Apteryx wrote:Thank you for that, it was very clearly expressed. And covered what I saw ( using my three brain cells till they squealed ) as the problem, you could never prove it correct, because of an infinity of potential numbers, right?

Not quite - it is possible to prove results for infinitely many numbers using mathematical induction. Suppose you want to prove some result for all natural numbers. Well, you could first show that the result is true for n = 1. Then you could assume the result is true for n = k and use this assumption to prove that the result is true for n = k + 1. Then the proposition being true for 1 implies it is true for 2, which implies it is true for 3, and so on.

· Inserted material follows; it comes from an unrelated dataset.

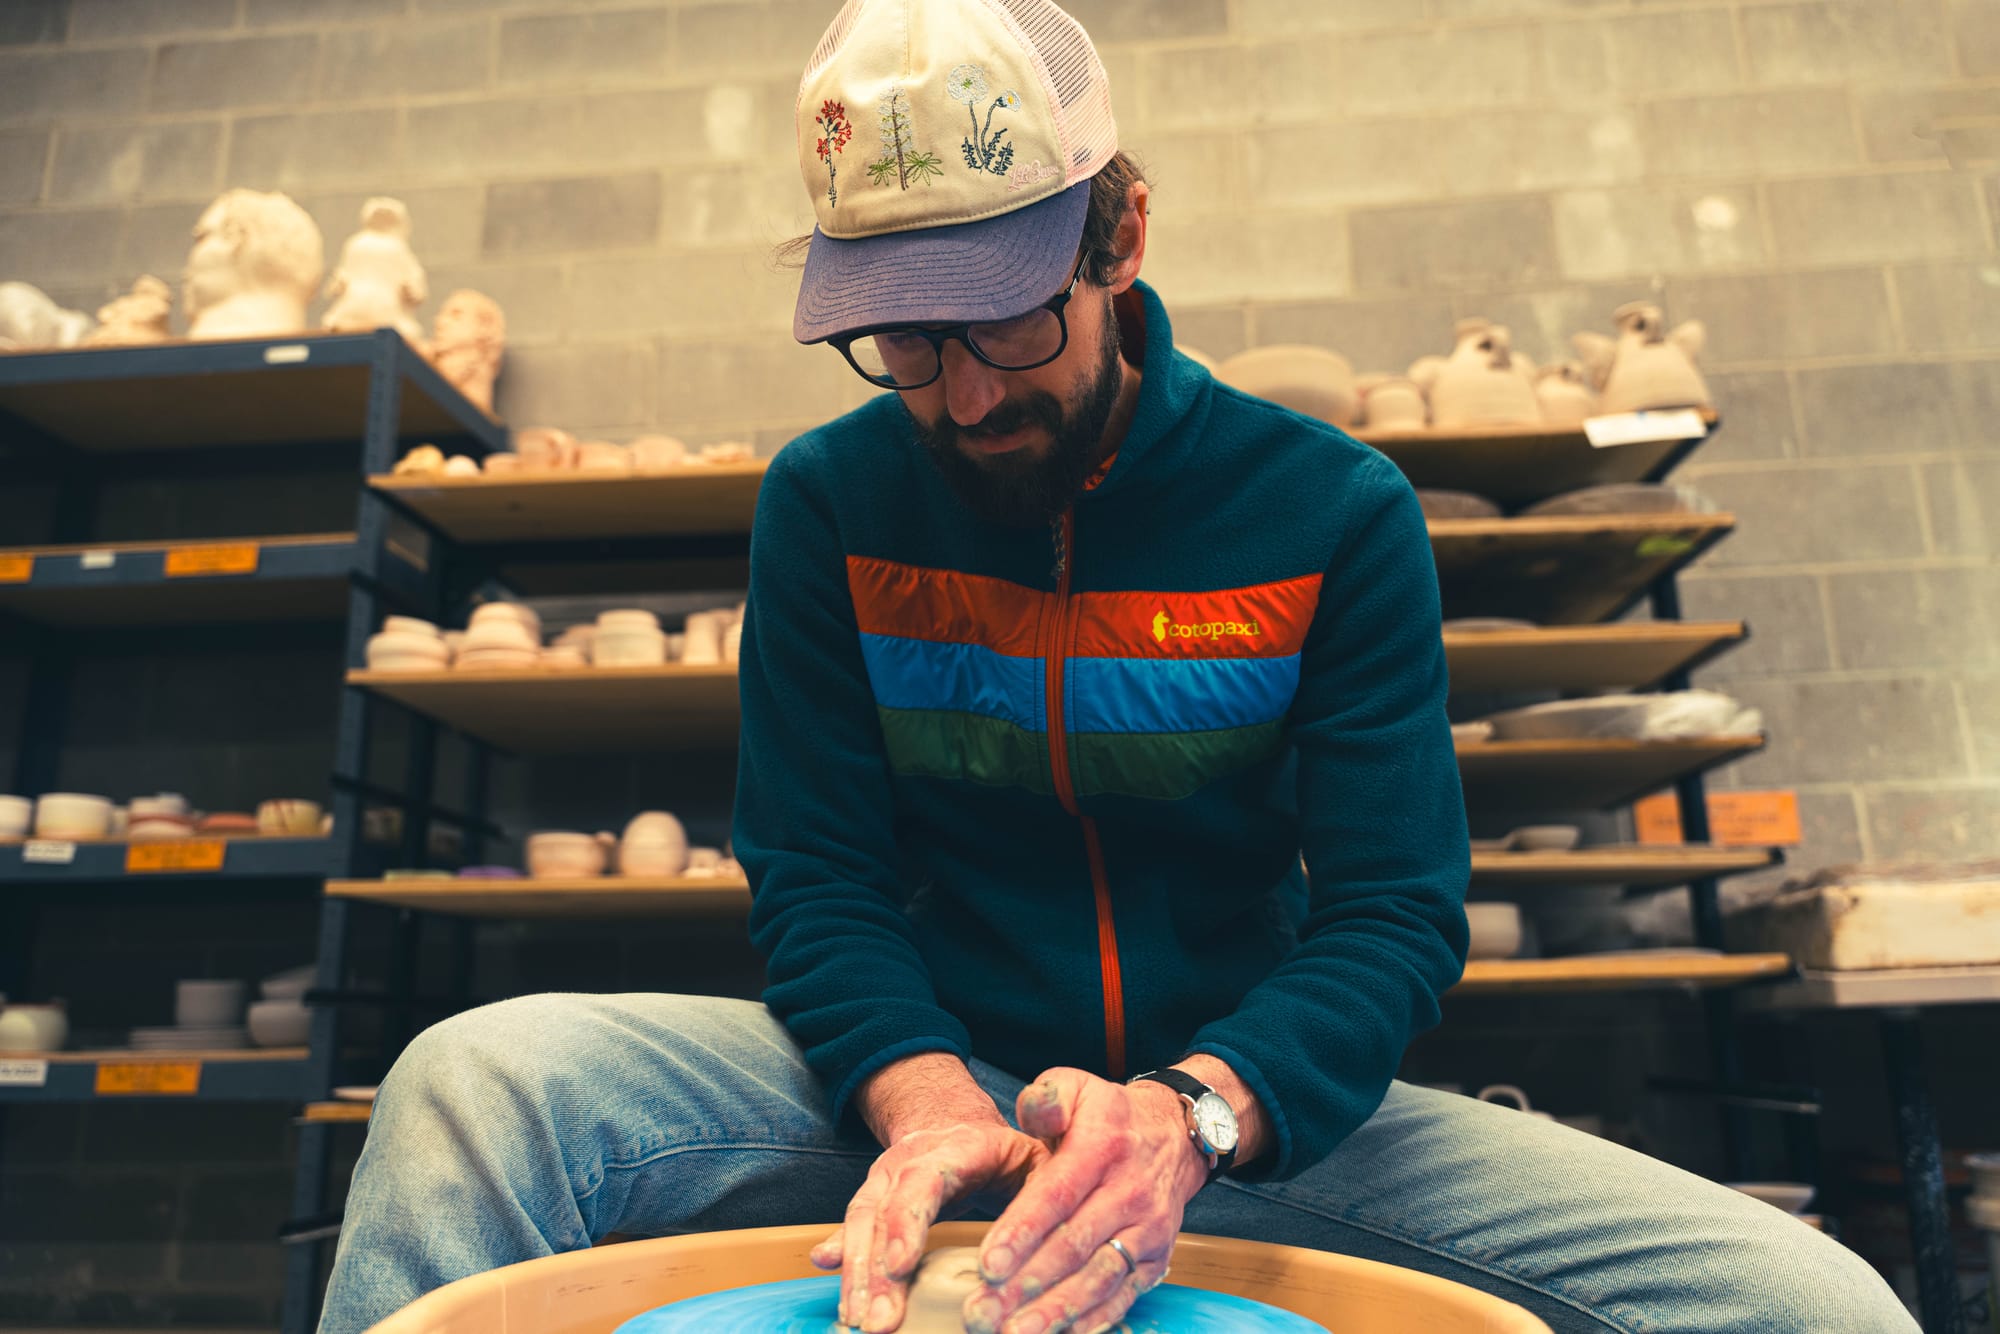 A man with glasses and floral baseball cap sits at a pottery wheel and molds clay

This is the proof method that phlip's first paragraph outlines.

Here's an example:

Suppose that you wanted to prove that the number [imath](n^4 + 6n^3 + 11n^2 + 6n)[/imath] is always divisible by [imath]4[/imath], for all [imath]n[/imath].

Well, check that it's true for [imath]n = 1:[/imath]

[imath]1 + 6 + 11 + 6 = 24[/imath], which is divisible by [imath]4[/imath].

Now assume it's true for [imath]n = k[/imath]:

1) [imath]k^4 + 6k^3 + 11k^2 + 6k[/imath] is divisible by [imath]4[/imath].

What can we say about [imath]n = k + 1[/imath]? Well,

2) [imath](k + 1)^4 + 6(k + 1)^3 + 11(k + 1)^2 + 6(k + 1) = k^4 + 10k^3 + 35k^2 + 50k + 24[/imath]

If we subtract the first number from the second number, we get:

[imath](k^4 + 10k^3 + 35k^2 + 50k + 24) - (k^4 + 6k^3 + 11k^2 + 6k) = 4k^3 + 24k^2 + 44k + 24 = 4 * (k^3 + 6k^2 + 11k + 6)[/imath]

Notice that the difference of the two numbers is divisible by [imath]4[/imath], and (by our assumption) the first number was divisible by [imath]4[/imath], which means that the second number must also be divisible by [imath]4[/imath].

Hence we have proven with mathematical induction that [imath]n^4 + 6n^3 + 11n^2 + 6n[/imath] is divisible by 4 for all natural numbers.